Yang J, Ma SC, Liu YH, Wei L, Zhang CY, Qi JF, Yu CJ. Large and giant medial sphenoid wing meningiomas involving vascular structures: clinical features and management experience in 53 patients. Chin Med J (Engl). 2013 Dec;126(23):4470-6. PubMed PMID: 24286409.
2) , 4)

Ouyang T, Zhang N, Wang L, Li Z, Chen J. Sphenoid wing meningiomas: Surgical strategies and evaluation of prognostic factors influencing clinical outcomes. Clin Neurol Neurosurg. 2015 May 4;134:85-90. doi: 10.1016/j.clineuro.2015.04.016. [Epub ahead of print] PubMed PMID: 25974397.
3)

McCracken DJ, Higginbotham RA, Boulter JH, Liu Y, Wells JA, Halani SH, Saindane AM, Oyesiku NM, Barrow DL, Olson JJ. Degree of Vascular Encasement in Sphenoid Wing Meningiomas Predicts Postoperative Ischemic Complications.
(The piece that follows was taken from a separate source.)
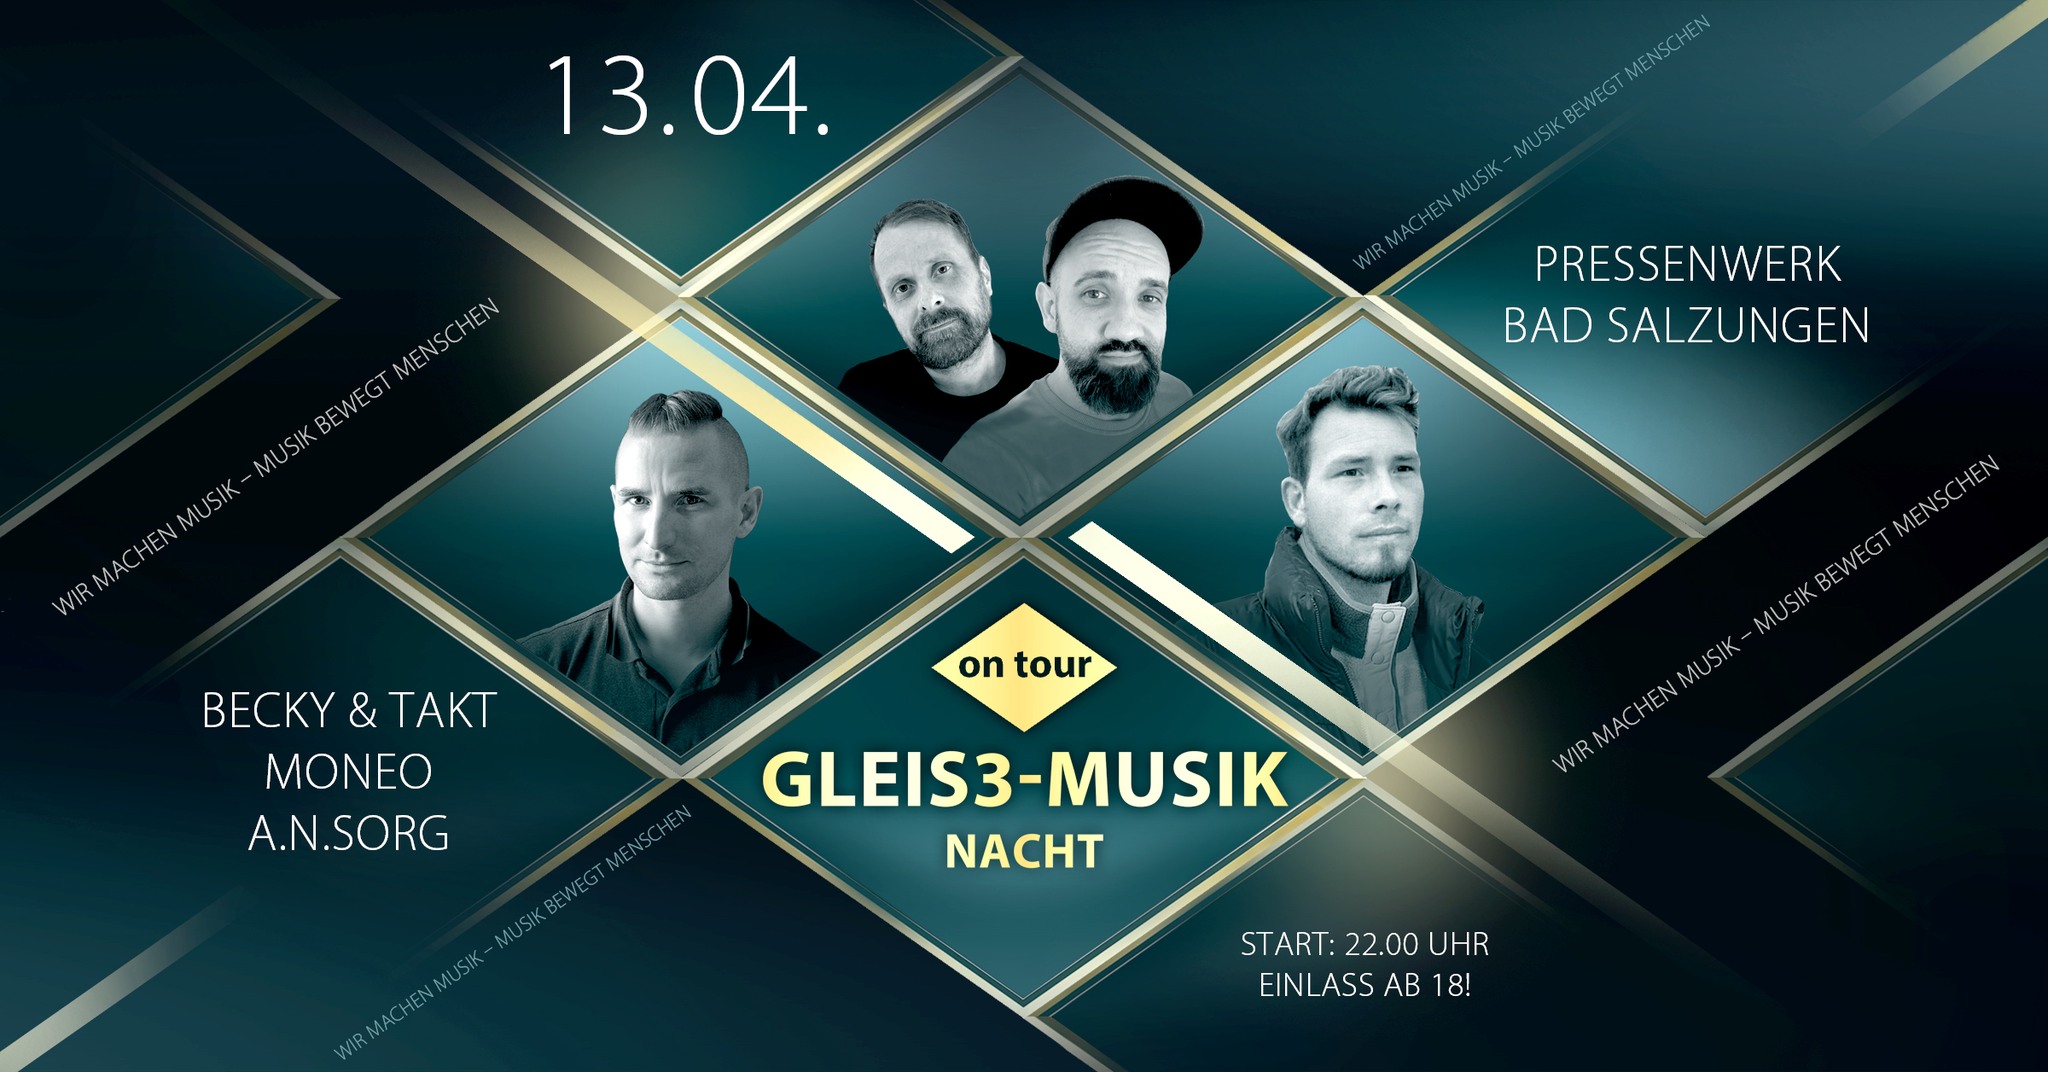 Gleis3-Musik Nacht on Tour

Neurosurgery. 2017 Jun 1;80(6):957-966. doi: 10.1093/neuros/nyw134. PubMed PMID: 28327941.
5)

Endo T, Nakagawa A, Fujimura M, Sonoda Y, Shimizu H, Tominaga T. [Usefulness of pulsed water jet in dissecting sphenoid ridge meningioma while preserving arteries]. No Shinkei Geka. 2014 Nov;42(11):1019-25. doi: 10.11477/mf.1436200025. Japanese. PubMed PMID: 25351797.